LA CELULA PRESENTADORA DE ANTIGENO Y LOS MECANISMOS DE TRANSACTIVACION

Entre las diferentes celulas presentadoras de antigenos lipidicos se encuentran las siguientes: las celulas dendriticas, los macrofagos, las celulas B y los neutrofilos (5,31). La activacion de las iNKT por las celulas dendriticas con CD1d-[alfa]GalCer da lugar a la expresion de CD69. Los macrofagos presentan antigenos lipidicos a las celulas iNKT principalmente en el higado, estimulando la produccion de citocinas Th1 y Th2 junto con la expansion celular (2,8).

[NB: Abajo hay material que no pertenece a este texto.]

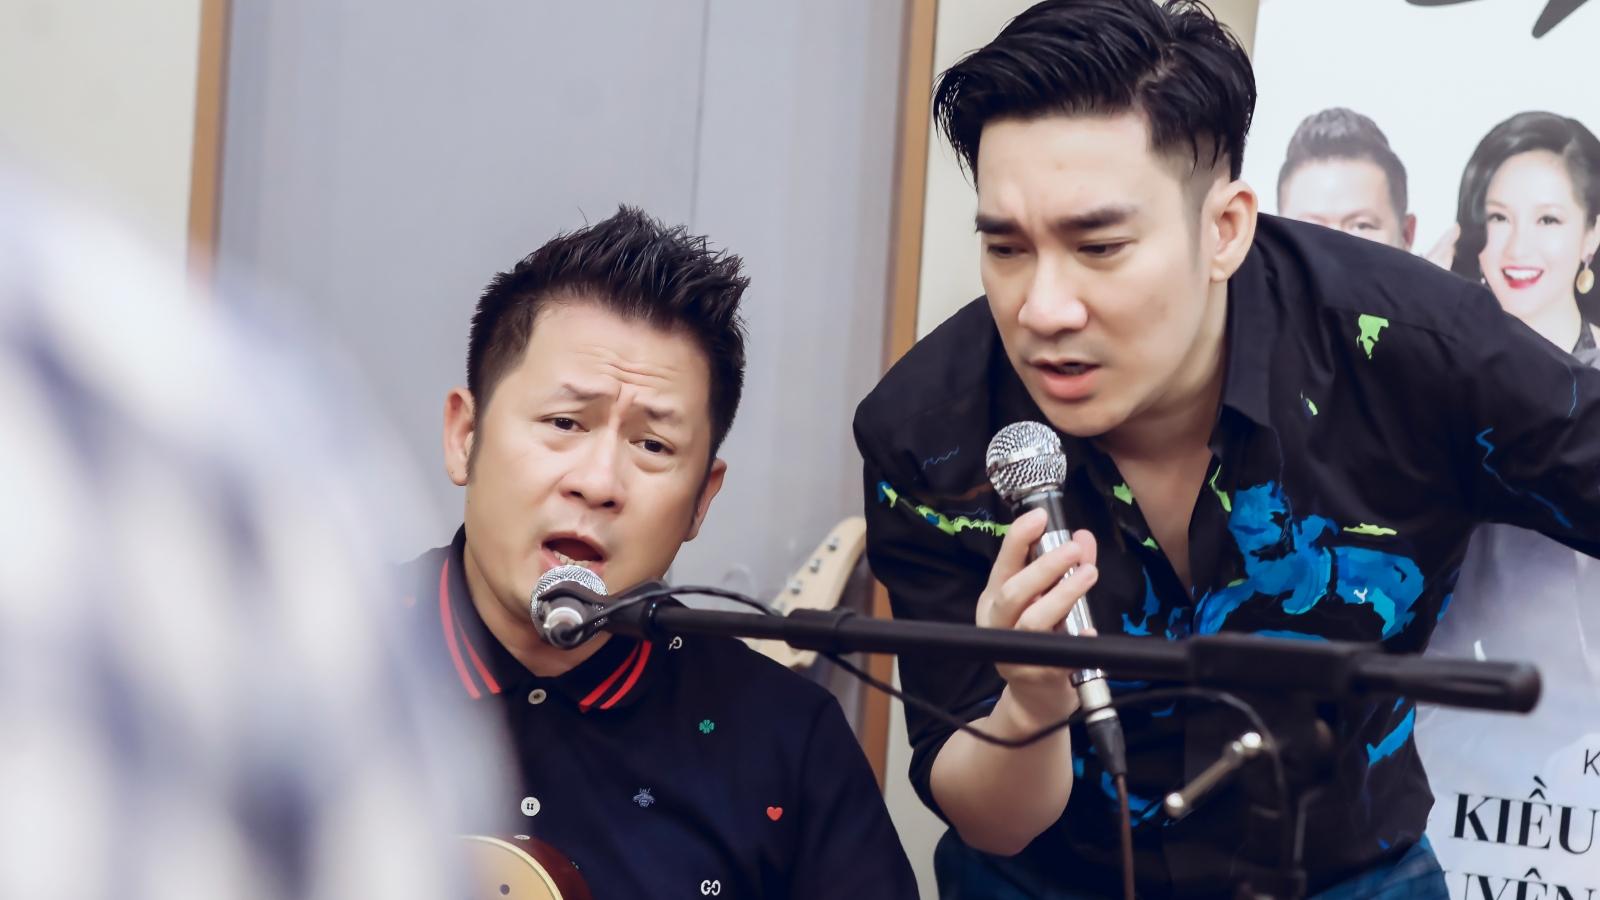 Quang Hà sụt 5kg vì tập luyện cho liveshow 11 tỷ đồng

Los linfocitos B que expresan CD1d se encuentran en la zona marginal del bazo y expresan diferentes moleculas coestimuladoras. La presentacion antigenica por estas celulas da lugar a la produccion de citocinas Th2, debido principalmente a la expresion de moleculas coestimuladoras como ICOS-ICOSL (55-57). Reafirmando la hipotesis de las celulas presentadoras de antigeno como mediadoras en la polarizacion inmune, se encontro recientemente, mediante el uso de ratones deficientes de CD1d (en macrofagos, celulas B y celulas dendriticas), que la presentacion de [alfa]GalCer estaba estrictamente limitada a las celulas dendriticas y en menor proporcion a los macrofagos (58). Se evidencio ademas que la estimulacion de las variantes glicolipidicas tipo Th2 era promiscua, llevada a cabo por celulas diferentes a las dendriticas que no producen IL-12, las cuales no son capaces de inducir la activacion del ciclo IL-12-NK e IFN-[gamma] (58). Algunos estudios son contradictorios acerca de la importancia de las celulas B: en el modelo del raton deficiente u-MT se muestra que la deplecion de las celulas B ocasiona un pequeno incremento en la presentacion de [alfa]GalCer, pero en el modelo de CD19-/- no hay ningun efecto sobre la presentacion del [alfa]GalCer (39) (figura 1).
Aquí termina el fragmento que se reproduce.